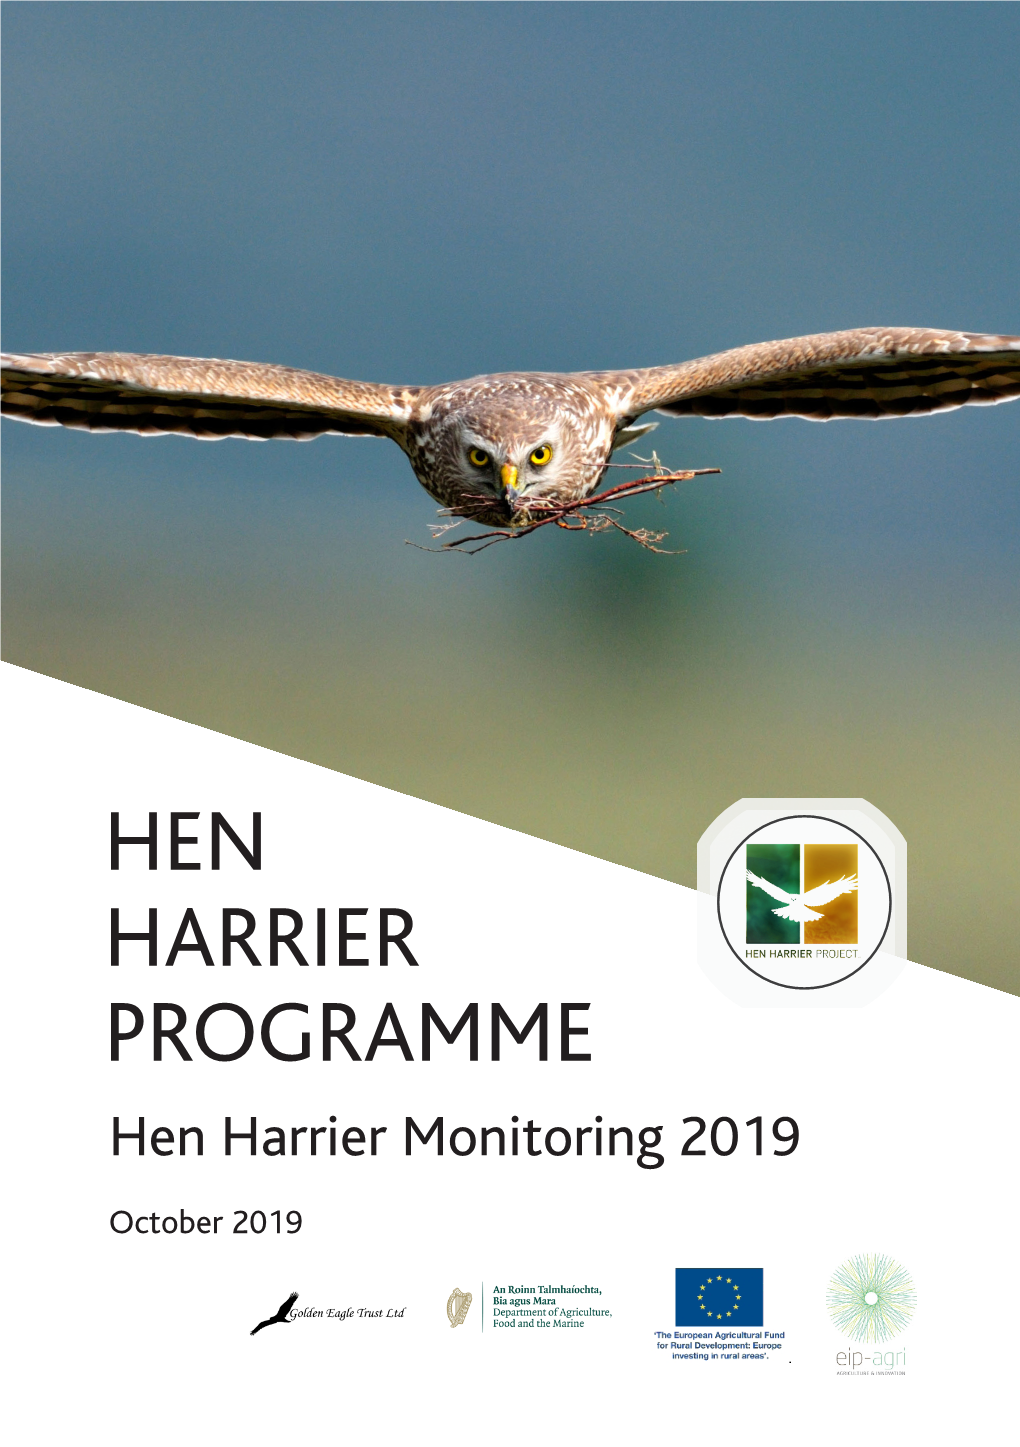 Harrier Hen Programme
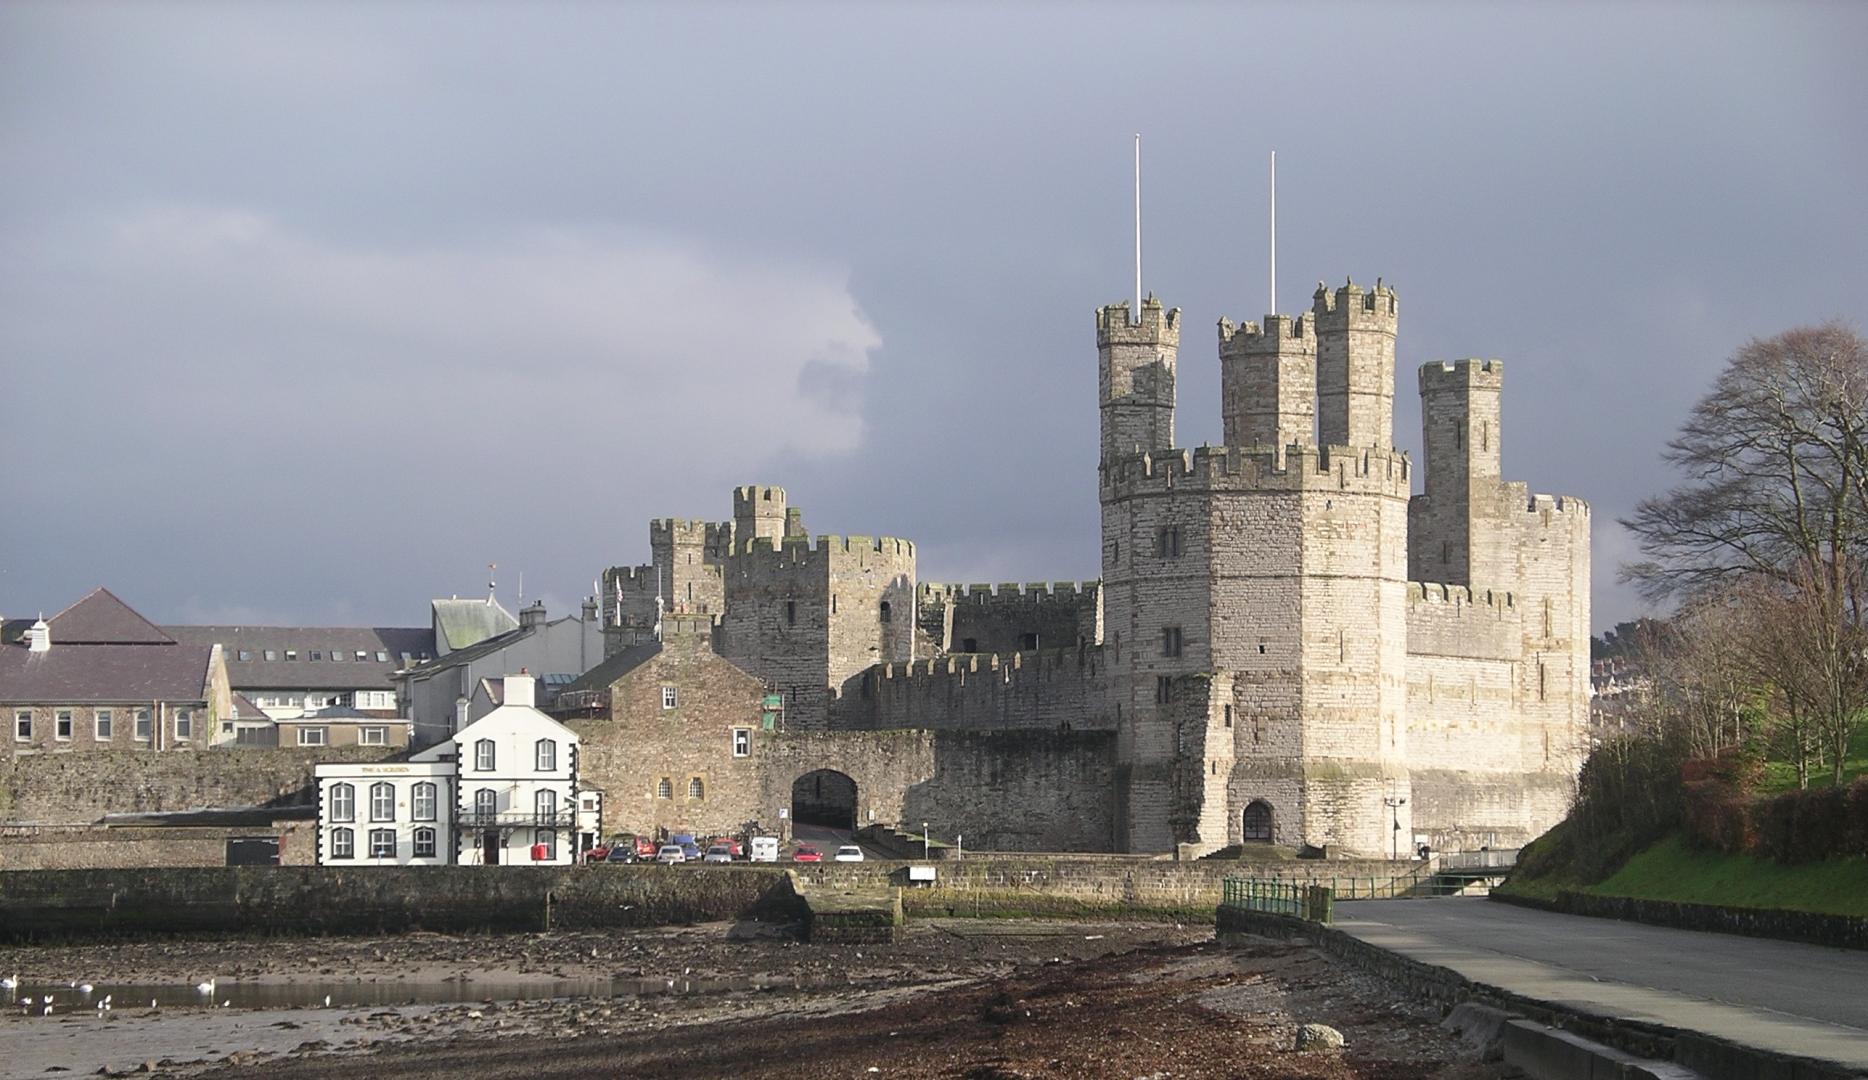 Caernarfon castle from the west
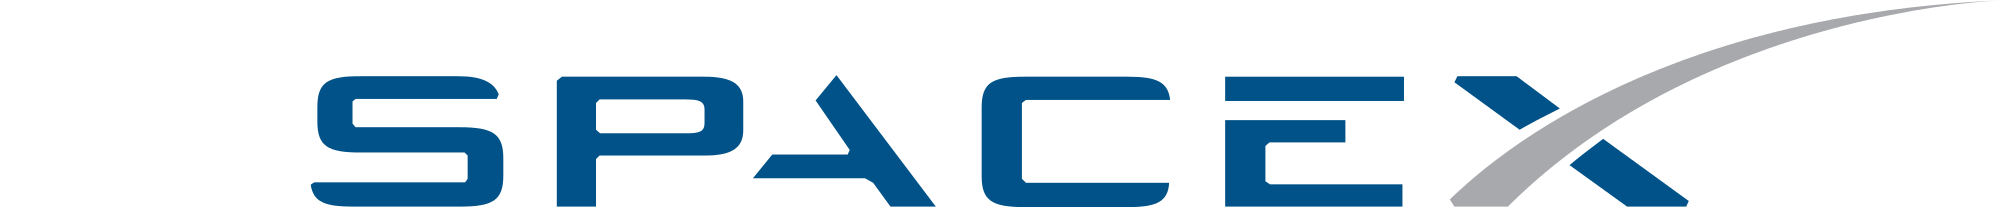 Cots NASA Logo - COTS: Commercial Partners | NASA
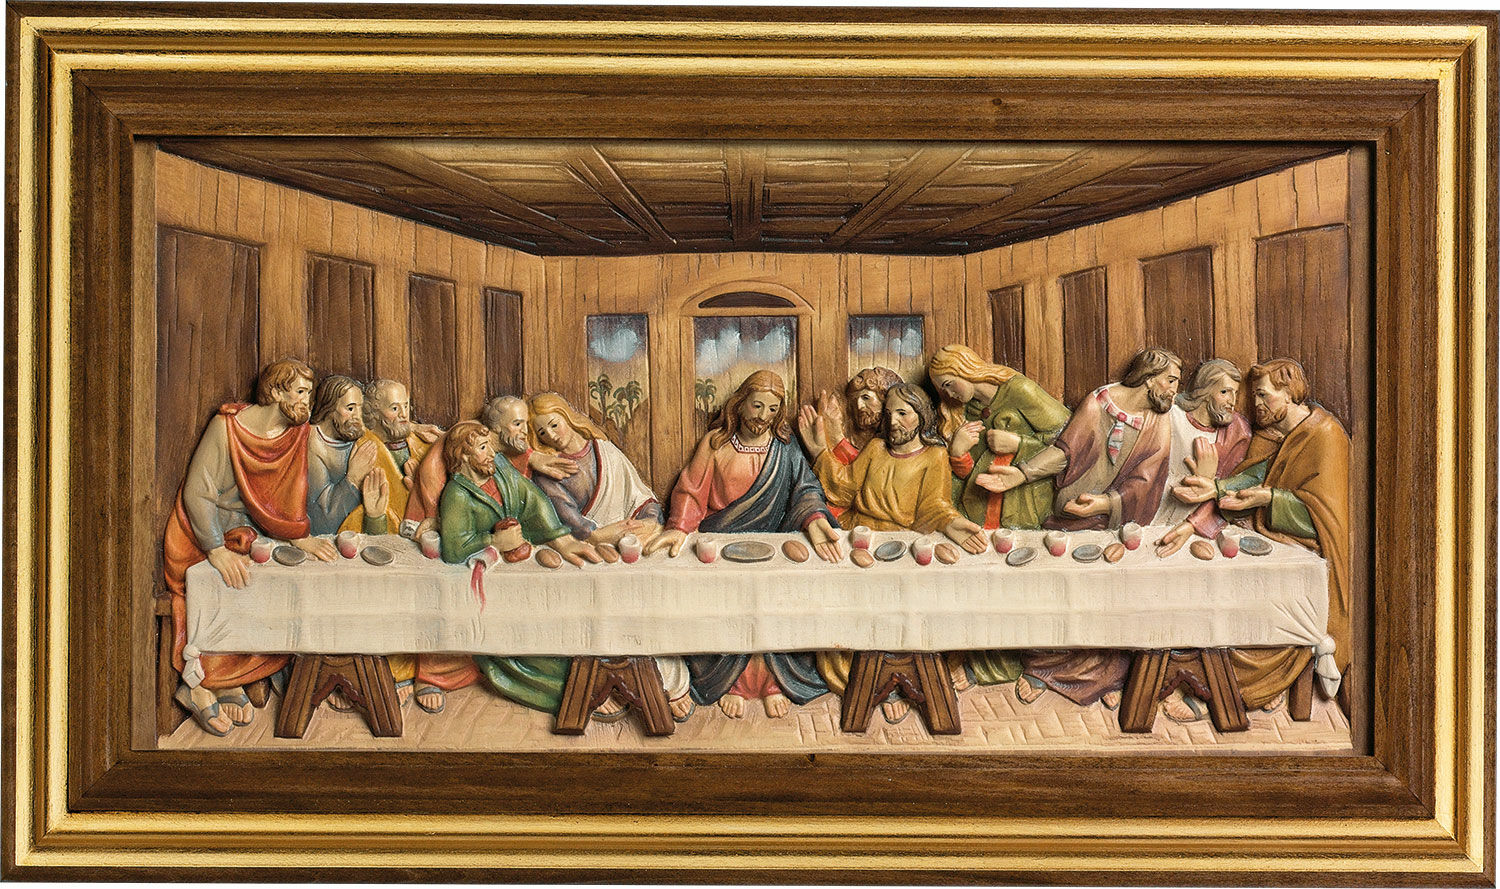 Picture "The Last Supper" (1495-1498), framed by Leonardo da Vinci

What to produce: What you give back must match the material word for word, with no images included.

Solved exercise:
 Harrier Hen Programme
 Caernarfon castle from the west
 Cots NASA Logo - COTS: Commercial Partners | NASA
 Picture "The Last Supper" (1495-1498), framed by Leonardo da Vinci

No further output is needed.